29.03.2024

Trump signed a bill that gives millions to the US agency in charge of climate and weather science

The spending deal is intended to keep the government running until March. It includes various special sections, like one devoted to disaster relief for the three devastating hurricanes that struck the US last year.

The National Oceanic and Atmospheric Administration (NOAA), the federal agency responsible for weather predictions, ocean science, and climate research, has been threatened with major budget cuts by the Trump administration over the last year. But it got a nice chunk of funding today (Feb. 9) when Trump signed a stopgap government spending deal passed by Congress.

Within that special hurricane relief section, NOAA was allocated some serious money for its core science priorities. These funds are not part of NOAA’s overall budget for 2019, which will come out later.

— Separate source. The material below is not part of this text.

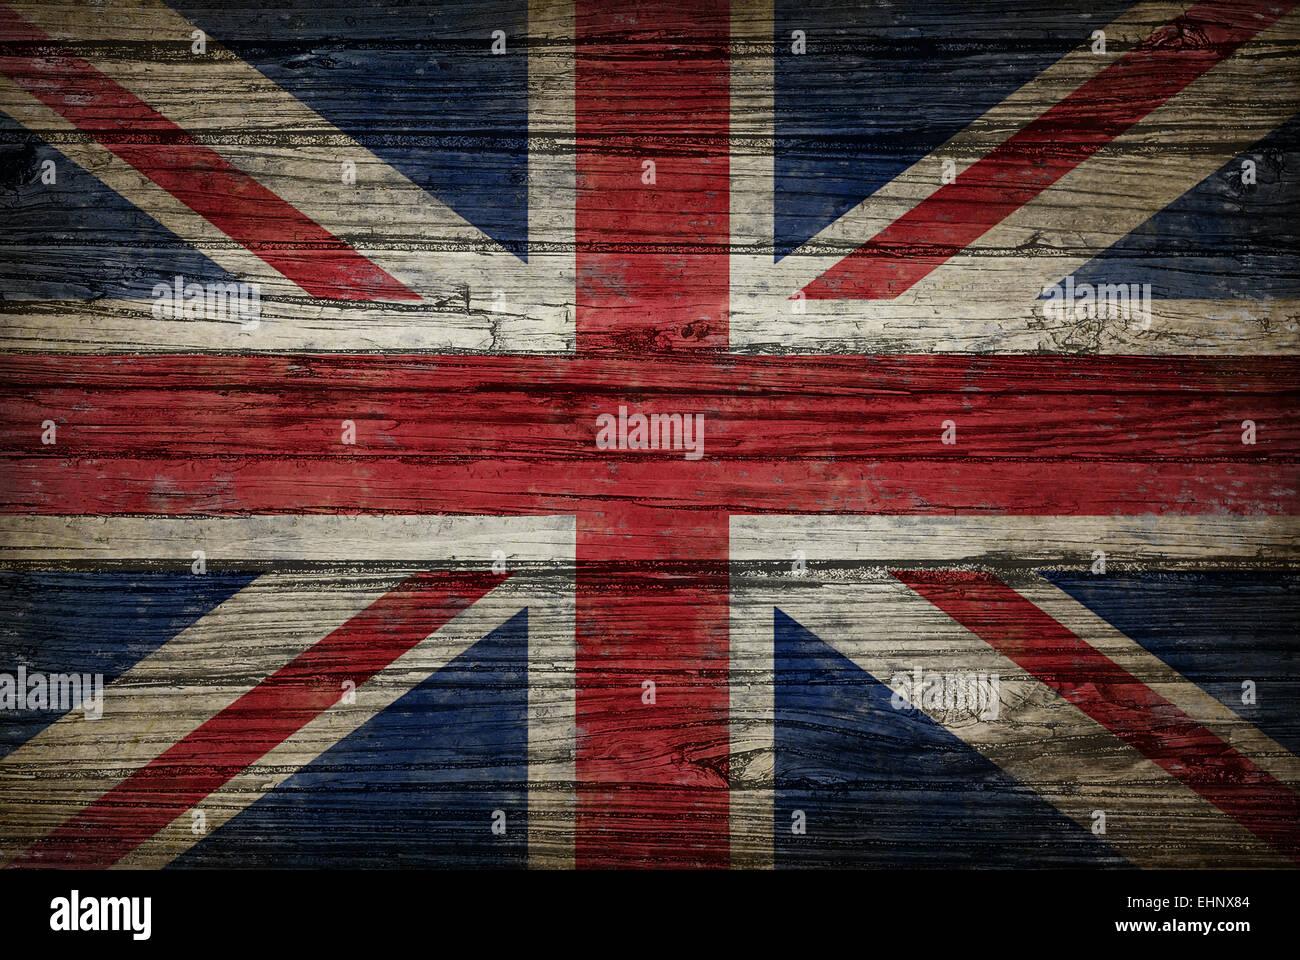 Grande-bretagne drapeau peint sur old weathered wood,comme un vieux millésime et Britannique Royaume-uni concept Photo Stock

NOAA receives funding for the things typical of disaster relief that fall under its purview-$200 million to mitigate “fisheries disasters” caused by the storms, $18 million for marine debris removal, and money to repair their instruments and federal property damaged in the storms.

But also included in the spending bill are are funds for the agency to get better weather satellites, improve hurricane intensity forecasting, and enhance their supercomputing infrastructure. John Culberson, the Republican congressman who runs the appropriations process in the US House of Representatives where the bill originated, is from Houston. The city was badly hit by Hurricane Harvey in August.

Here are those line items from the hurricane disaster section of “Bipartisan Budget Act of 2018”:

  • $50,000,000 for “improvements to operational and research weather supercomputing infrastructure and for improvement of satellite ground services used in hurricane intensity and track prediction”,
  • $29,232,000 for “repair and replacement of Federal real property and observing assets”,
  • $12,904,000 for “repair and replacement of observing assets, Federal real property, and equipment”,
  • $40,000,000 for “mapping, charting, and geodesy services”,1
  • $50,000,000 to “improve weather forecasting, hurricane intensity forecasting and flood forecasting and mitigation capabilities, including data assimilation from ocean observing platforms and satellites.”

The president’s original budget proposal for 2018 called for a 17% cut to the NOAA budget, along with a 6% cut for the National Weather Service, the agency under NOAA responsible for gathering and analyzing virtually all the US’s weather forecast data. After Hurricanes Harvey and Irma barreled into the US, the Verge noted that NOAA and the National Weather Service were agencies that provided advance notice of the seriousness of the storms, and when they would hit.